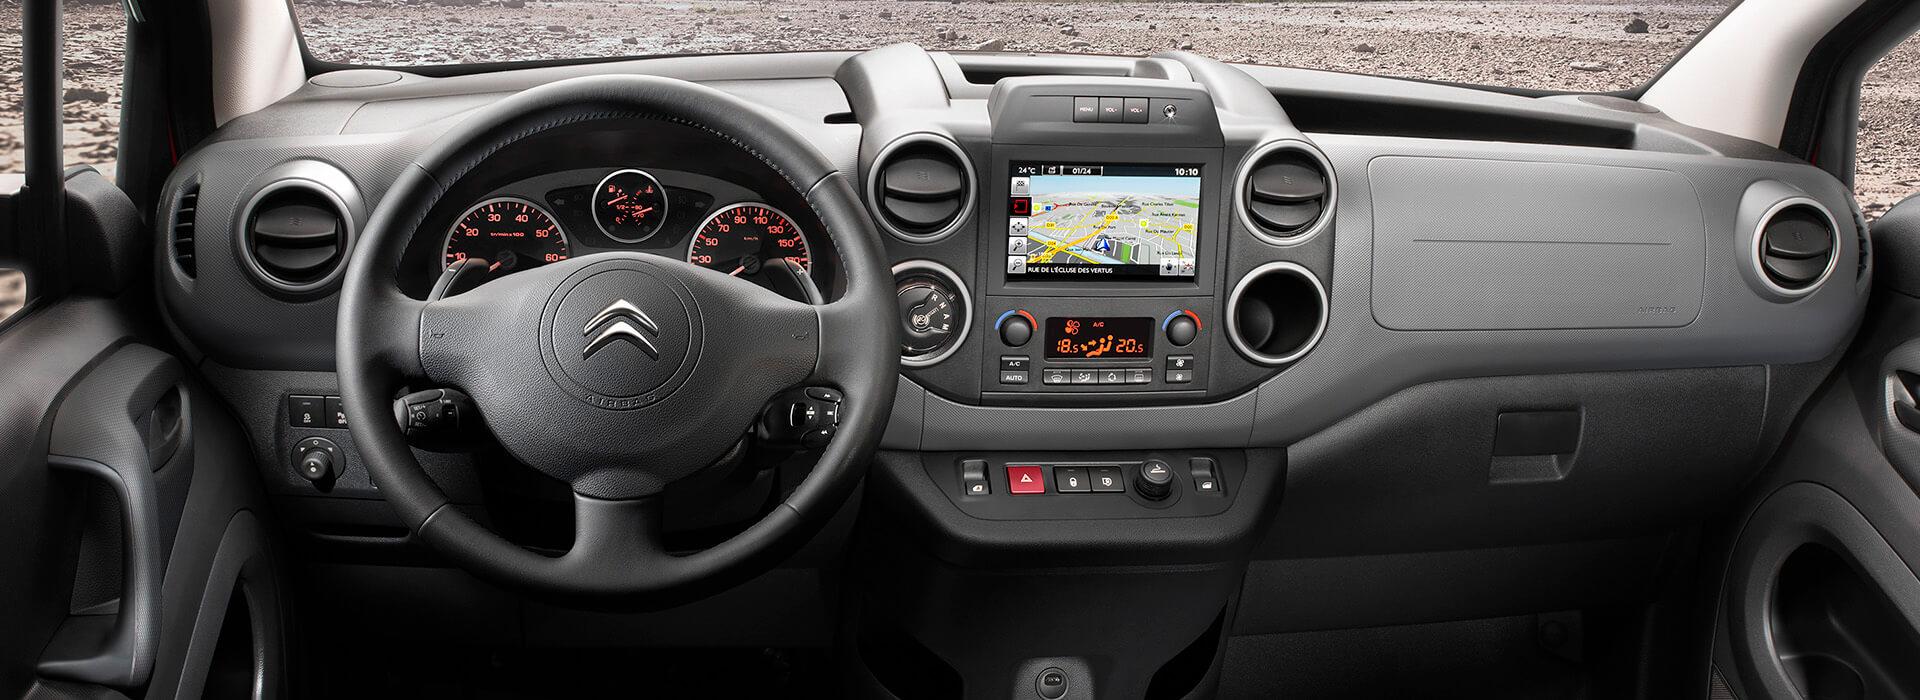 Citroën Berlingo Interieur
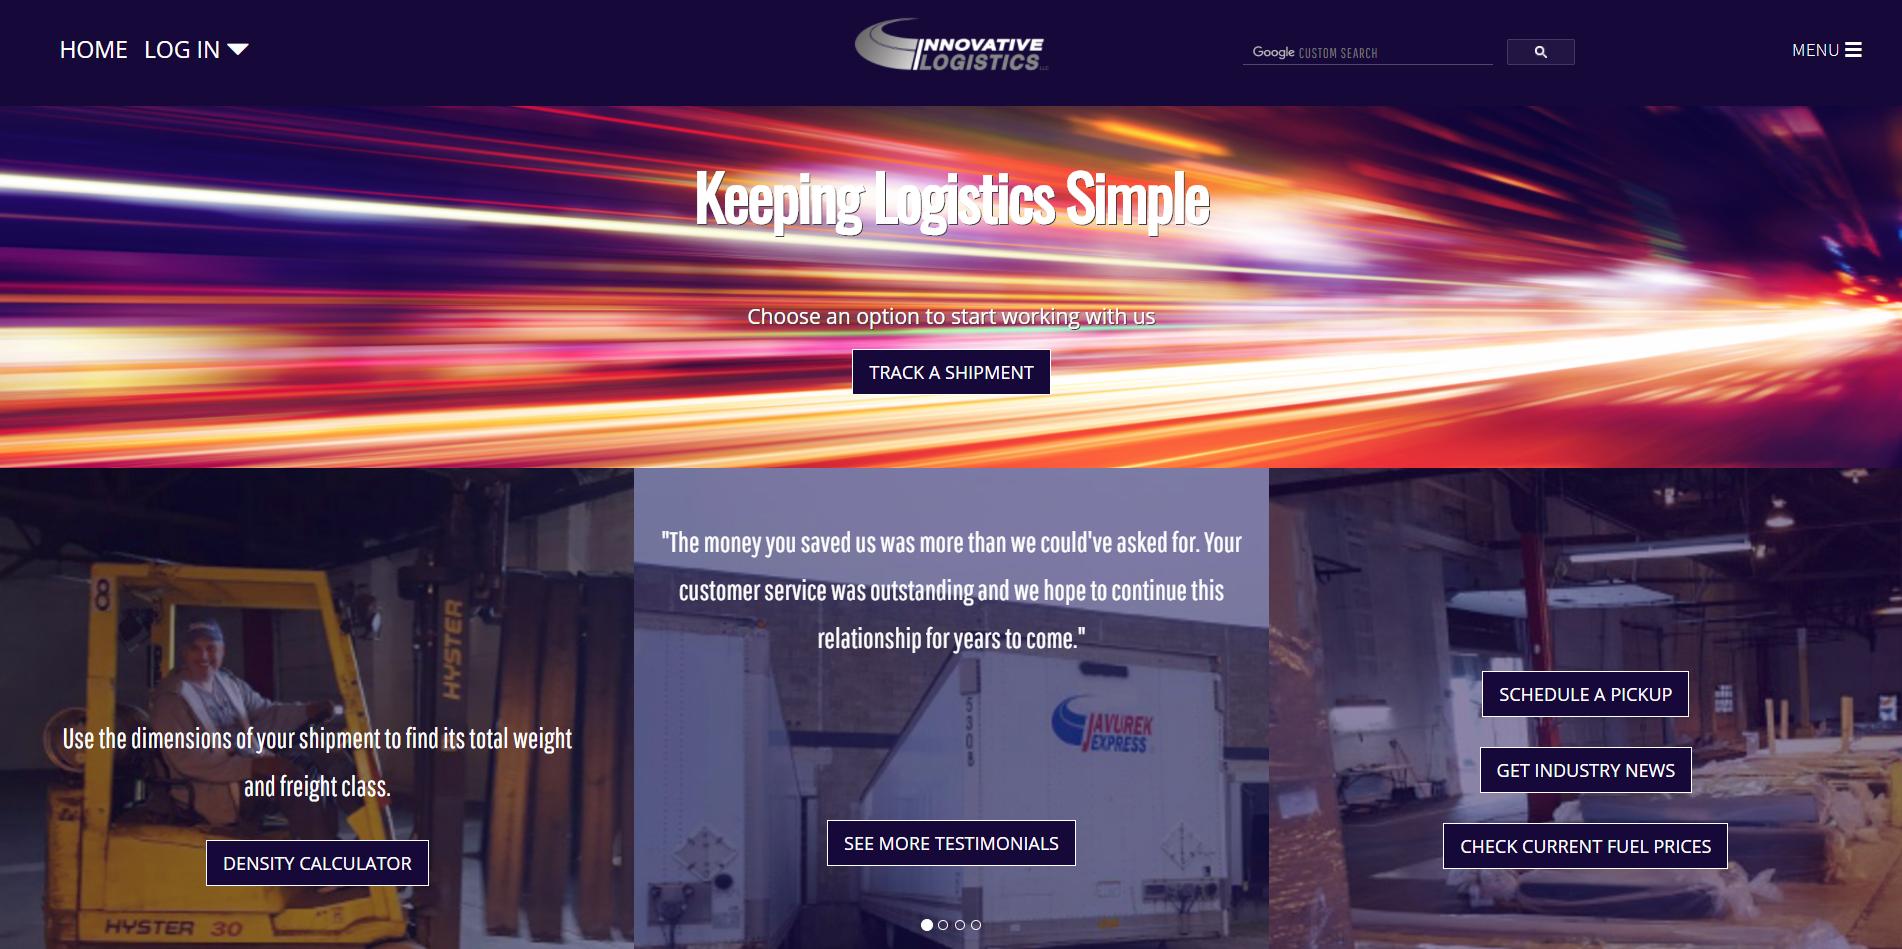 Innovative Logistics, LLC
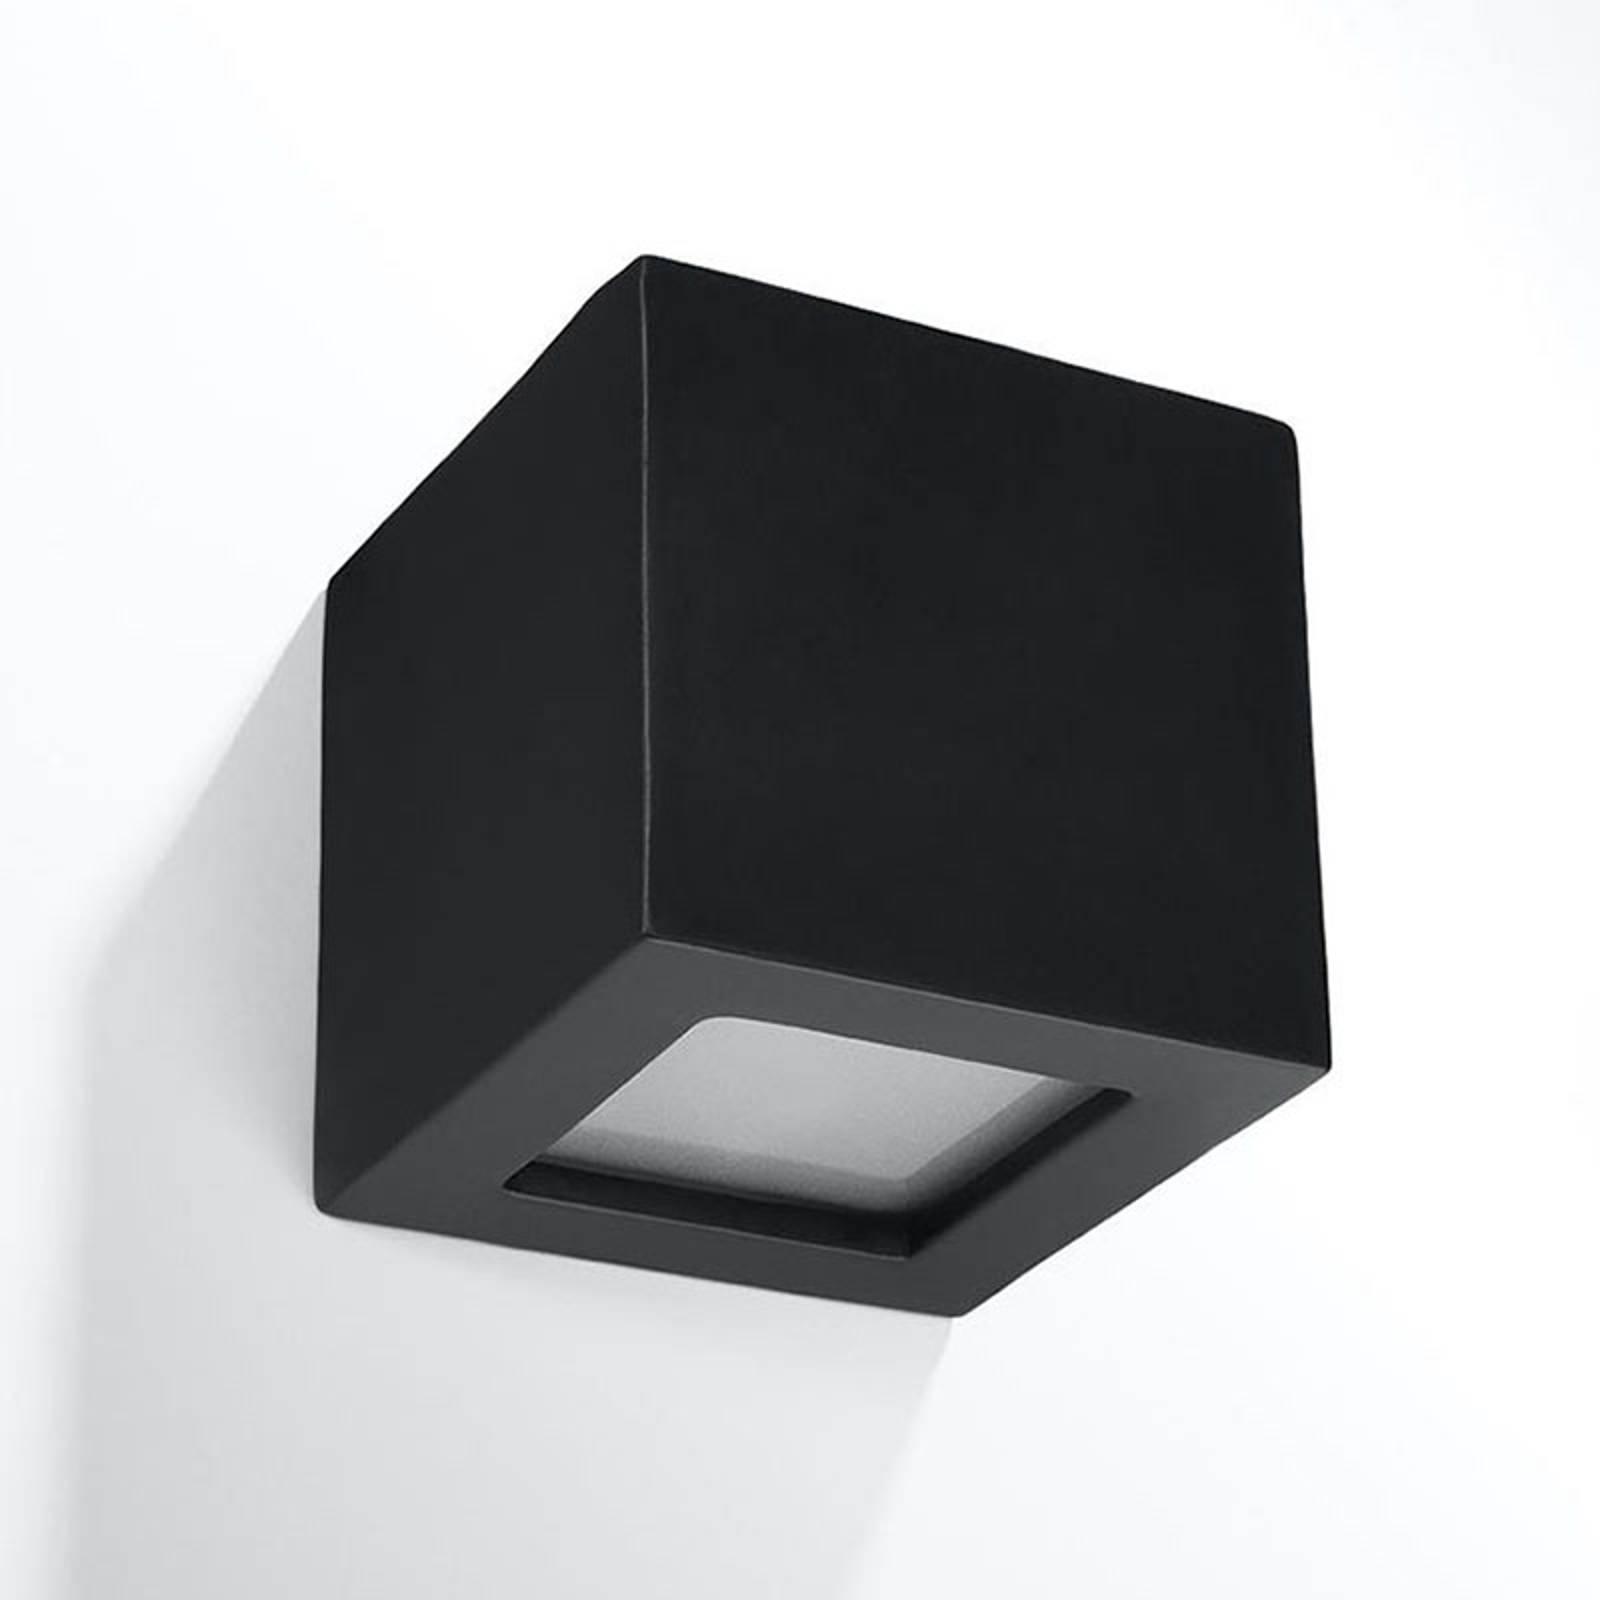 Wandleuchte Top aus Keramik, up/down, schwarz
*****
Exercise:
Write out all the material above exactly, with no image carried over.

Written answer:
 Citroën Berlingo Interieur
 Innovative Logistics, LLC
 Wandleuchte Top aus Keramik, up/down, schwarz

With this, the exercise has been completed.